How to help people understand the complexity of mental health

Khajaun Ewing, 18, poses near the Class of 2022 graduation board in the halls of Benny Benson High School in Anchorage. Benny Benson is a credit recovery program in the Anchorage School District. (Anne Hillman/Alaska Public Media)

Eighteen-year-old Khajaun Ewing sat in his school counselor’s office at Benny Benson High School, showing off his new tattoos. On one thigh is written “I can do it” in capital letters. The other says, “I’ll do it.”

“It’s my warrior cry,” he said. “Whenever I feel like I can’t do it, I’m like, ‘I can do it and I will. And I overcome all obstacles.

Ewing has plans for his future. He knows he will focus on supporting his family and helping others while studying to become a chiropractor.

“I’m fascinated by all the different bones in the body,” he said. “The way things work, how you can help someone with all their different aches and pains over time.”

But Ewing did not always have this outlook on life. He skipped school to drive with his friends, ignored his parents’ rules, and didn’t care at all about the future. He was failing in school until last August he enrolled in Benny Benson, a credit recovery program in Anchorage. There, the teachers allowed him to work at his own pace, motivated him to continue and supported him to achieve his goals.

“My GPA has gone from 1.2 to 3.5 since I’ve been here,” he said.

He was also on the honor roll for four consecutive quarters.

With the encouragement of his mentor, Ewing changed his friend group and sought out people who would be positive influences.

“I noticed I was doing stupid things, so I changed that and removed all those negative people from my life,” he said.

The types of changes Ewing made were all related to mental health.

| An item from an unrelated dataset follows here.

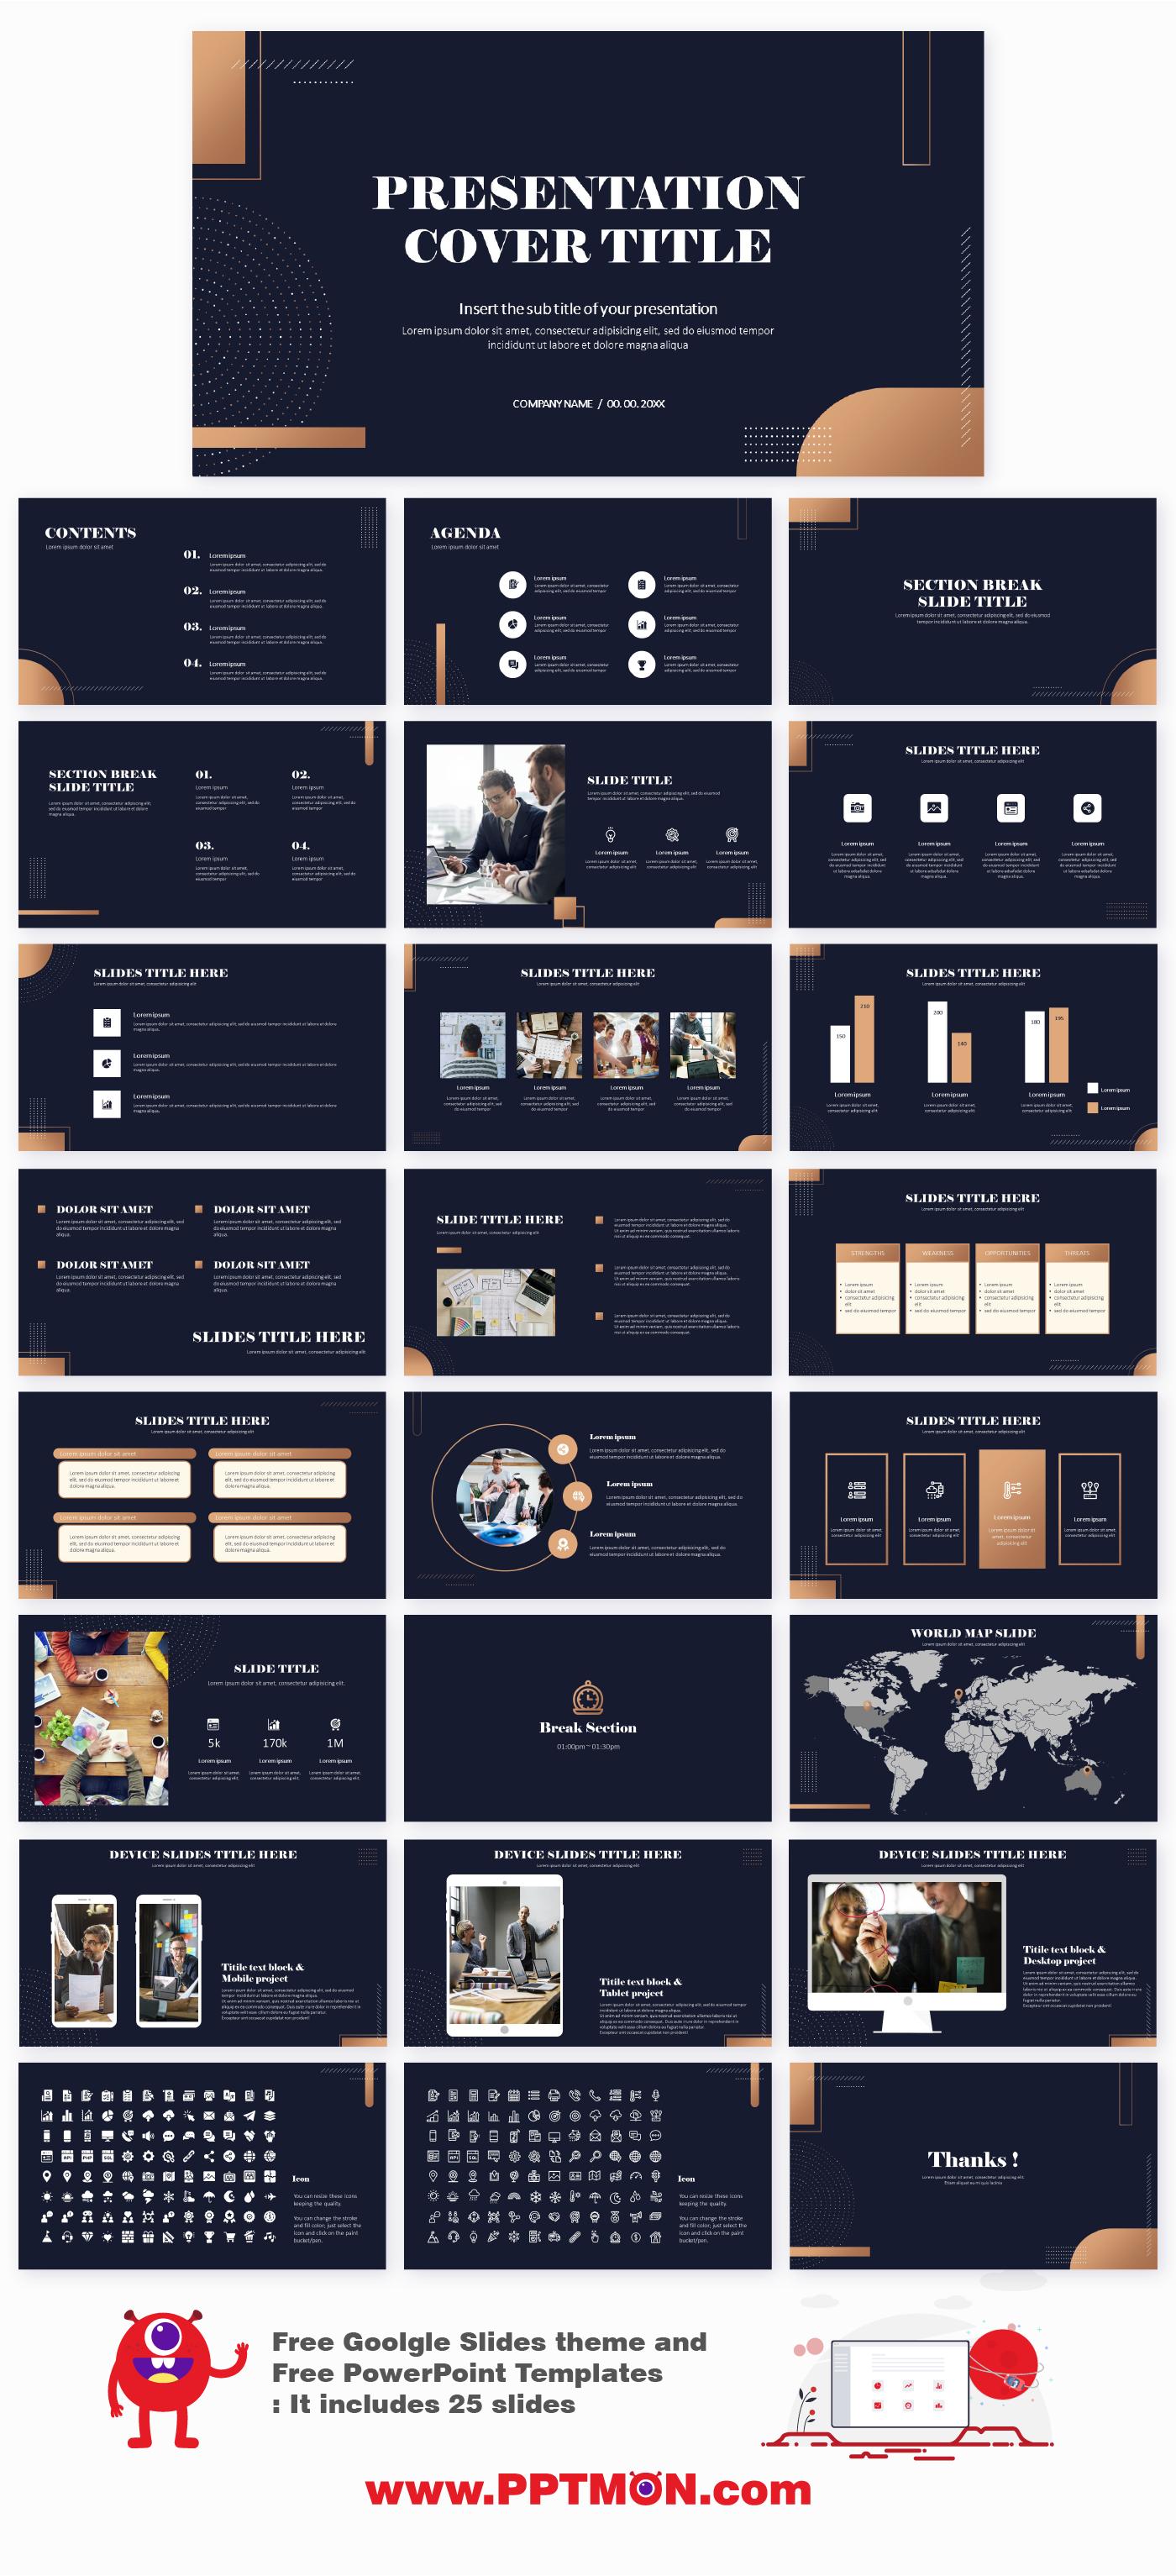 Modern Minimalist Free Presentation Templates Free Google Slides Theme And Powerp In 2020 Presentation Template Free Powerpoint Background Design Ppt Template Design

In fact, actions taken by Ewing, such as investing in healthy relationships and finding ways to serve, are suggestions made in the Surgeon General’s 2021 advisory on supporting the mental health of young people. But Ewing would never frame it that way.

For Ewing, mental health means one thing.

” You are not happy. Not to be happy,” he said. “That’s my take on mental health.”

Because that’s exactly how society teaches us to think about it, said Jason Lessard, executive director of the Anchorage chapter of the National Alliance on Mental Illness, a mental health advocacy organization.

“When people hear about mental health, they think of mental illness or the negative aspects of mental health,” he said.

Lessard said often conversations about mental health in the media and in personal interactions focus on negative issues or mental health diagnoses. They don’t focus on the idea that mental health is just another aspect of our overall health and is heavily influenced by the environment and people around us.

Mental health is also linked to our physical health. Lack of food can lead to irritability, just as anxiety can cause stomach pain, he said.

“I think what gets so tricky with mental health, mental wellness, and brain health is that it’s so intertwined with so many other things,” Lessard said.

The World Health Organization defines mental health as a state of well-being where people can realize their own abilities, can cope with the normal stresses of life, and can make contributions to their communities. This means that mental health is not just about problems or depression, and mental health support is not just about medication or therapy.

So how do you evolve conversations about mental health to be more inclusive of all aspects of it, from the positive things to the negative things? How can we talk about the little things we can do to improve our mental health without being reductive?

“It’s hard, and I’m not sure how to make that change without also sounding, you know, a little too much, a little too Pollyanna-ish and prescriptive,” Lessard said.

Part of the problem is that it can be difficult to define mental health and all that it includes, even for people who work in the field.

“Your mental health is…I don’t even know how to describe it,” said peer support specialist Taylor Stapley. He works with adolescents at VOA-Alaska, a mental health service provider in Anchorage. “It’s just your way. Yeah, it’s really hard to define that for me.

Stapely said mental health includes uplifting and hardest feelings. Speaking as both a professional and an addiction recoverer, he said mental health is influenced by everything.

“Everything helps. How people talk to you, how people look at you, how you feel, how you think others see you, your self-esteem, your lack of self-esteem. Your mood you are in. Everything contributes to it,” he said.

So how do we get people to think about mental health and talk about it more fully and fearlessly? Lessard and Stapely said it starts with more education.

“The sooner we can have these conversations and talk to kids about their emotions so they understand them a little bit better,” the better off we’ll be in the long run, Lessard said.

Stapely said education has opened up conversations about many issues in the past and can do the same for mental health.

“You don’t have to be afraid of it. It just is what it is,” Stapely said.

Mental health education is not currently part of Alaska’s state education standards, although the state legislature has discussed bills on the issue in the past three legislative sessions. . Senator Lisa Murkowski also recently introduced federal legislation to fund mental health promotion and suicide prevention programs in K-12 schools.

This story is part an ongoing solutions journalism project to Alaska Public Media on the destigmatization of mental health. The project is funded by a grant from the Alaska Mental Health Trust but is editorially independent.